Records to process

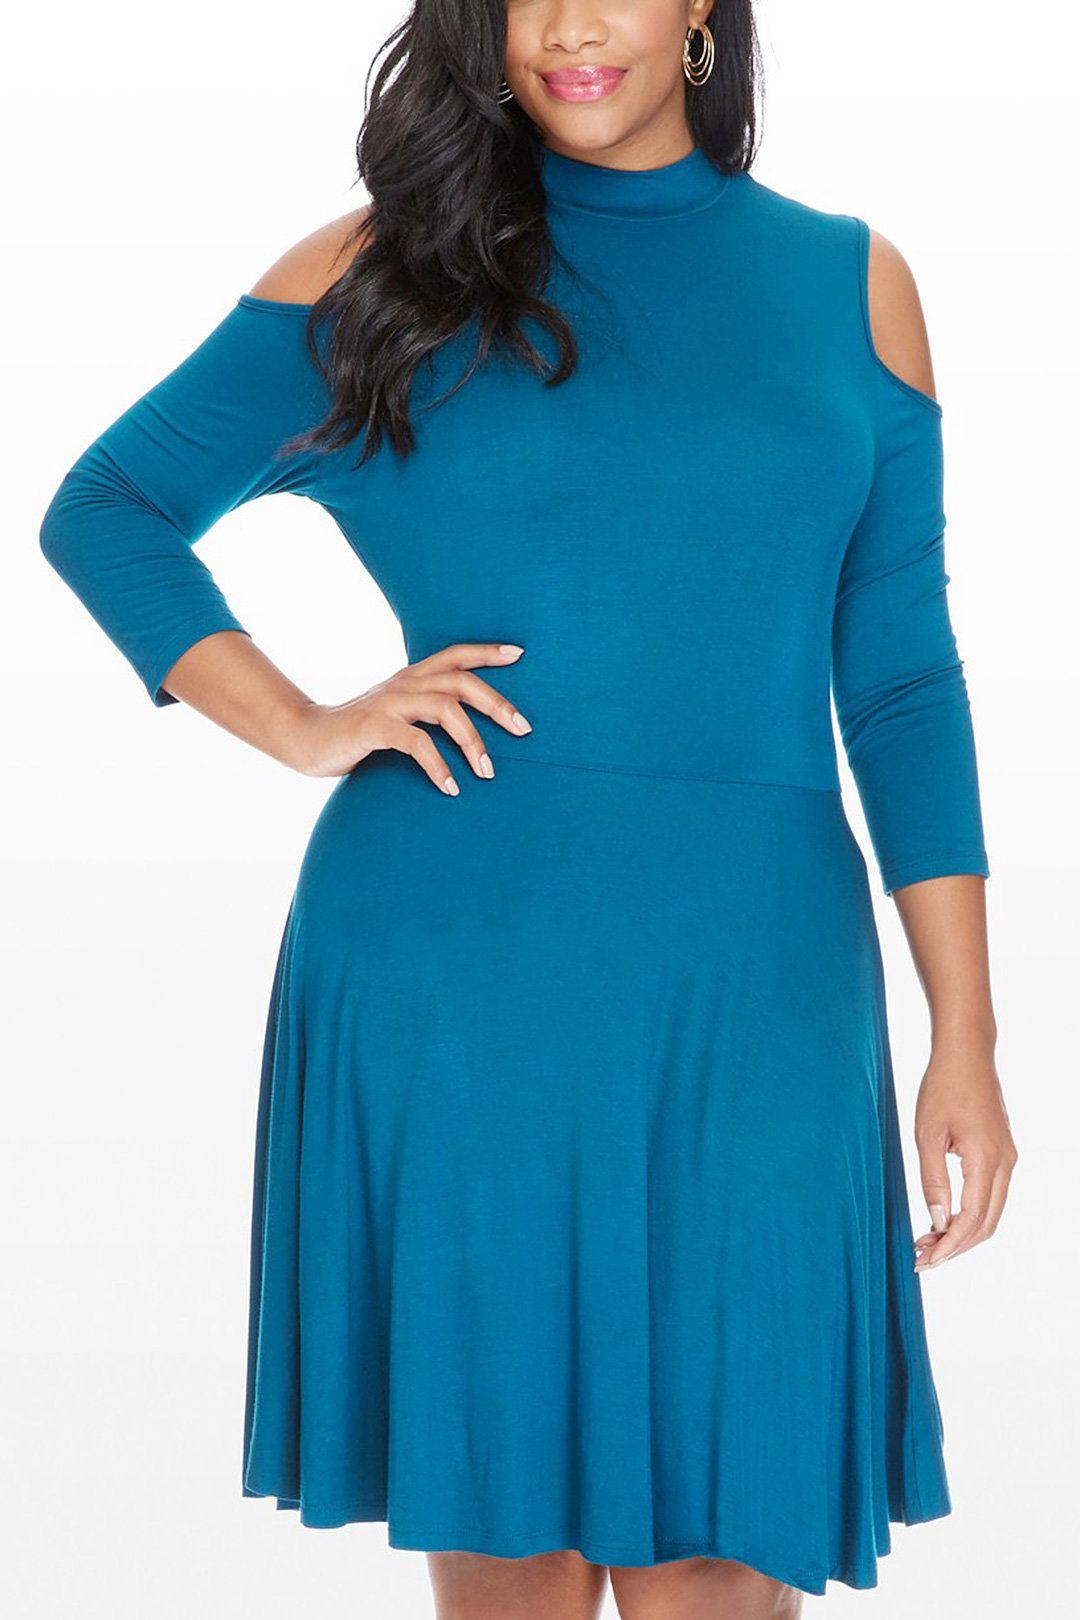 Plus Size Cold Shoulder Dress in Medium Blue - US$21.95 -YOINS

--

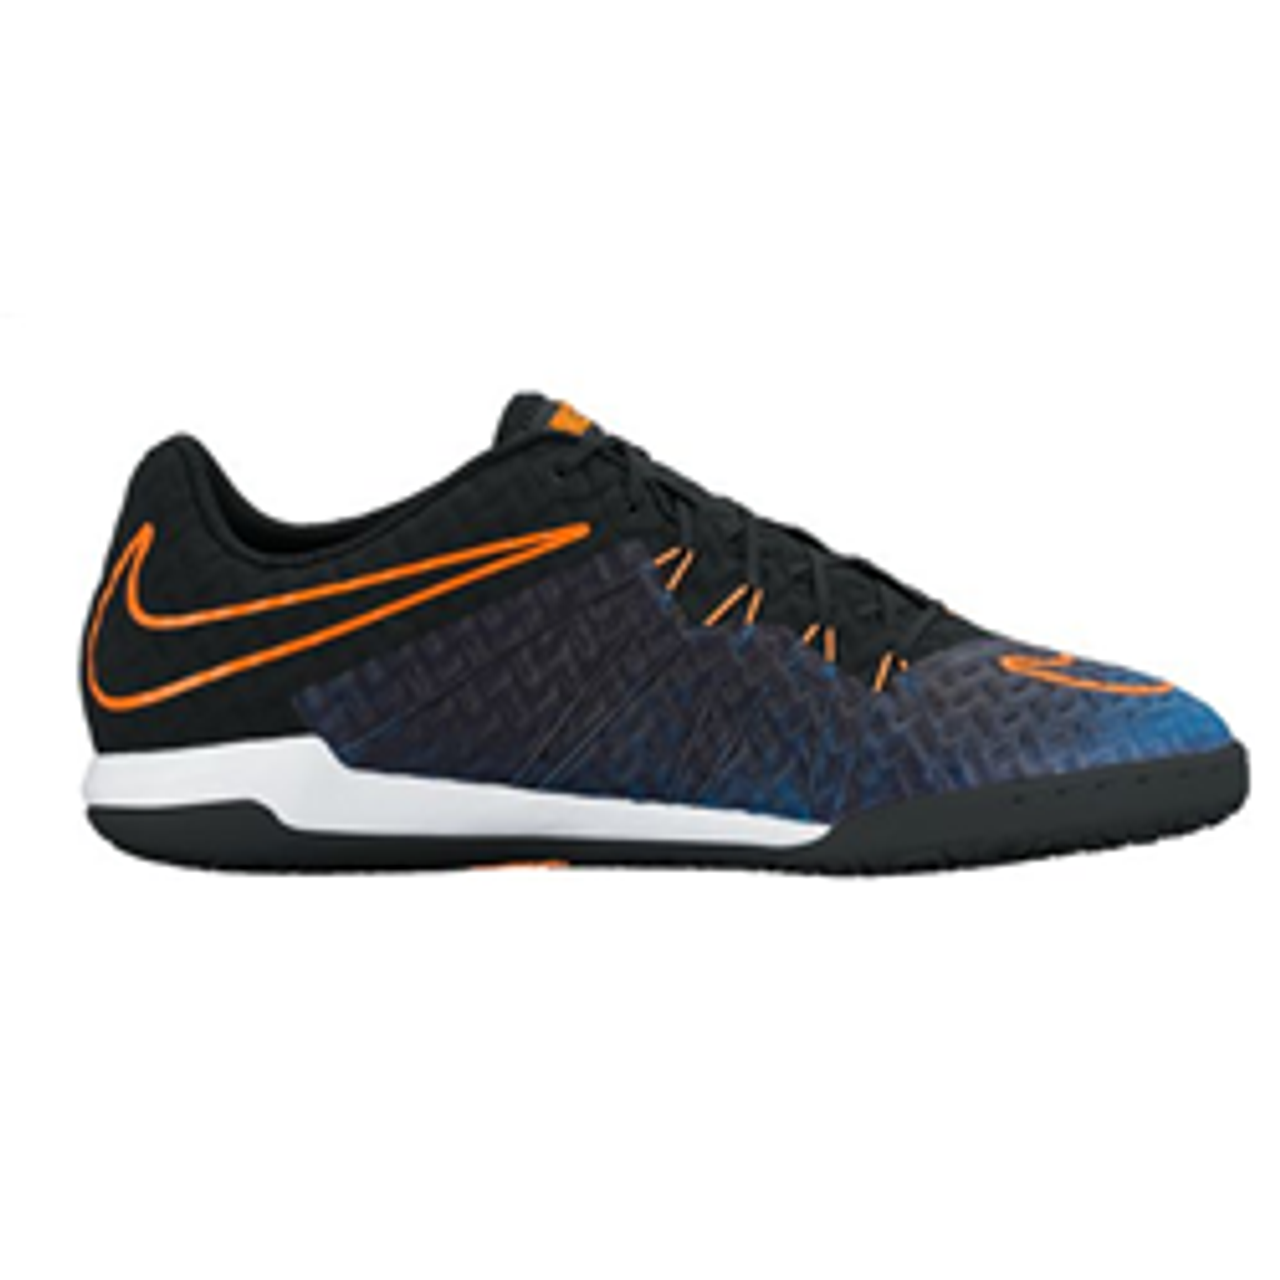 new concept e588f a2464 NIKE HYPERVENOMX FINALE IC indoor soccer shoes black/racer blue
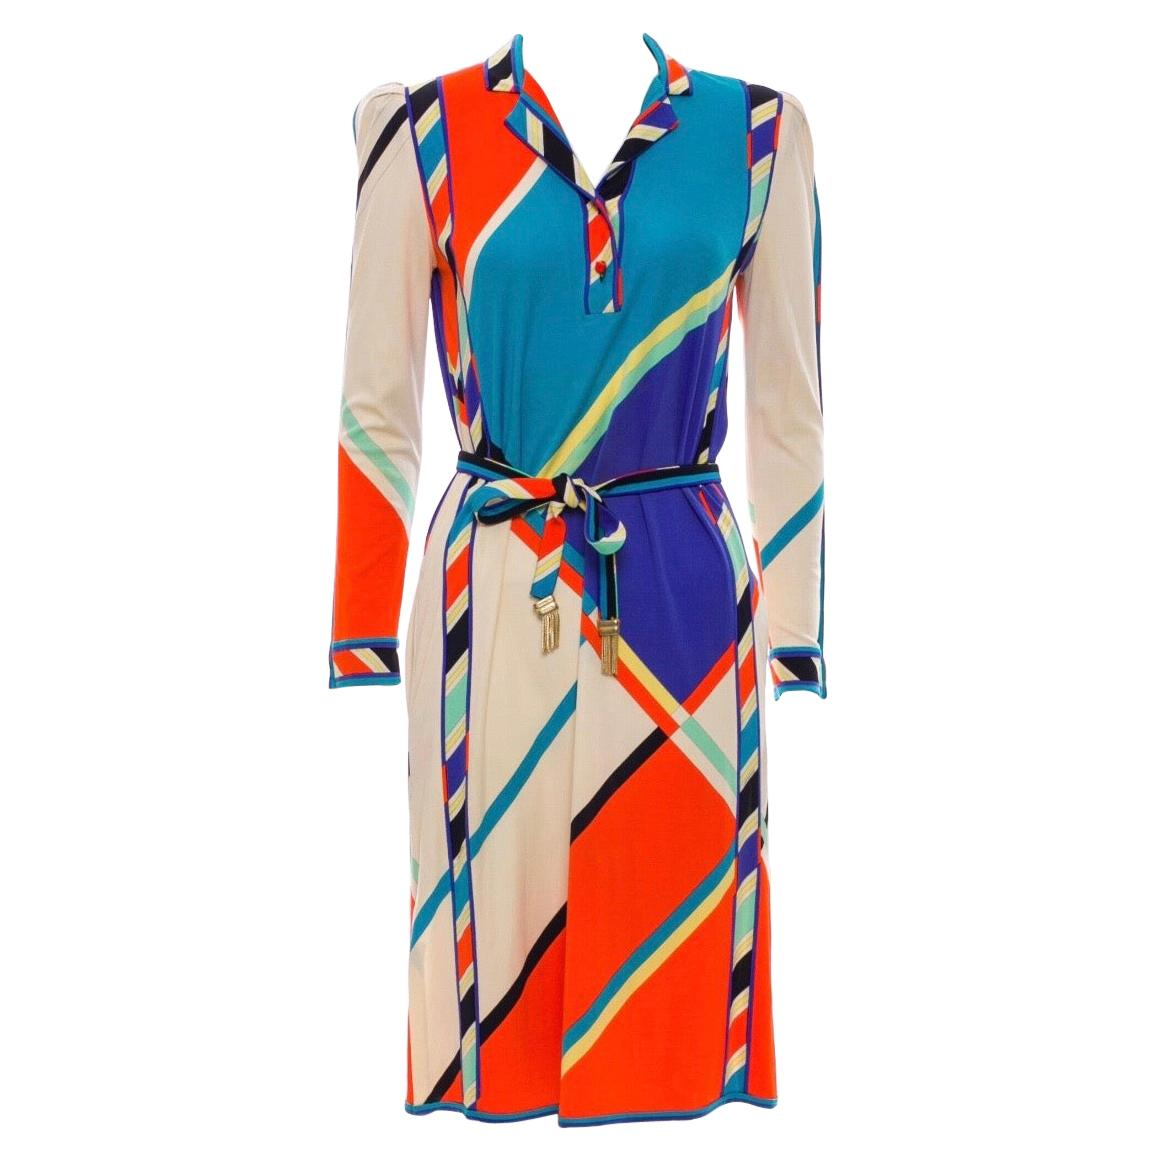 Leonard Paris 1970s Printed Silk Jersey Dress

What is needed
An exact copy is needed of the entries above, starting at the line that holds "new concept e588f" and stopping at the line that holds "Leonard Paris 1970s", both kept; pictures stay out.

Reply to the task
 new concept e588f a2464 NIKE HYPERVENOMX FINALE IC indoor soccer shoes black/racer blue
 Leonard Paris 1970s Printed Silk Jersey Dress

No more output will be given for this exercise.